### TASK BRIEF
Write out exactly the lines of the entries below, from the first through the line containing "Indonesia Papua TULISAN WORTEL", and nothing beyond them.

(Data items)
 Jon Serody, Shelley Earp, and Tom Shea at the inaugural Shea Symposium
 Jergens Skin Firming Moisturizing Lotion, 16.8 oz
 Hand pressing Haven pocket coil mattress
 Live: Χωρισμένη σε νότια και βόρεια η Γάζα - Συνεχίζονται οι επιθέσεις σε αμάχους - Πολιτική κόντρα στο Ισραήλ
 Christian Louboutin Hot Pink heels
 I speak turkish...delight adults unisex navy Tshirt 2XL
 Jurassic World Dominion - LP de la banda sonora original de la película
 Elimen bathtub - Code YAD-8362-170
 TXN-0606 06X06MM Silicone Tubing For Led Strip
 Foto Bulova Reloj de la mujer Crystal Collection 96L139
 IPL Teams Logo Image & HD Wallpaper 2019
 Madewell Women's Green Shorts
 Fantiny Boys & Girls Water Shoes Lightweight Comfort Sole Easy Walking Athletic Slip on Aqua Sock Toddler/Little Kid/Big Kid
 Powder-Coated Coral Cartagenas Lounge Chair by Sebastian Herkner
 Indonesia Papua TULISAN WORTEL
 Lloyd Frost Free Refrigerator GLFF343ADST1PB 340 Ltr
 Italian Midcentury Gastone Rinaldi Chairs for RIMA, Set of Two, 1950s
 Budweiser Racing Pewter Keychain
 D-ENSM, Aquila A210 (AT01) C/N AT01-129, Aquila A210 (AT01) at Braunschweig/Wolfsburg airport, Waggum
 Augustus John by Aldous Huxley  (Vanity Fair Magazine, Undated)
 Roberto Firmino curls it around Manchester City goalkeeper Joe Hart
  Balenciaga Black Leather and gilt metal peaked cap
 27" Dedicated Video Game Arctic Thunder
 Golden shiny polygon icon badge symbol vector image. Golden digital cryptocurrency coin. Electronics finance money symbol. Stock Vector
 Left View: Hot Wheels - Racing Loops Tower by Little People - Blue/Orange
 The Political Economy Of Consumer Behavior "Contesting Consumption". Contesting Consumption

### SOLUTION TO THIS PROBLEM
 Jon Serody, Shelley Earp, and Tom Shea at the inaugural Shea Symposium
 Jergens Skin Firming Moisturizing Lotion, 16.8 oz
 Hand pressing Haven pocket coil mattress
 Live: Χωρισμένη σε νότια και βόρεια η Γάζα - Συνεχίζονται οι επιθέσεις σε αμάχους - Πολιτική κόντρα στο Ισραήλ
 Christian Louboutin Hot Pink heels
 I speak turkish...delight adults unisex navy Tshirt 2XL
 Jurassic World Dominion - LP de la banda sonora original de la película
 Elimen bathtub - Code YAD-8362-170
 TXN-0606 06X06MM Silicone Tubing For Led Strip
 Foto Bulova Reloj de la mujer Crystal Collection 96L139
 IPL Teams Logo Image & HD Wallpaper 2019
 Madewell Women's Green Shorts
 Fantiny Boys & Girls Water Shoes Lightweight Comfort Sole Easy Walking Athletic Slip on Aqua Sock Toddler/Little Kid/Big Kid
 Powder-Coated Coral Cartagenas Lounge Chair by Sebastian Herkner
 Indonesia Papua TULISAN WORTEL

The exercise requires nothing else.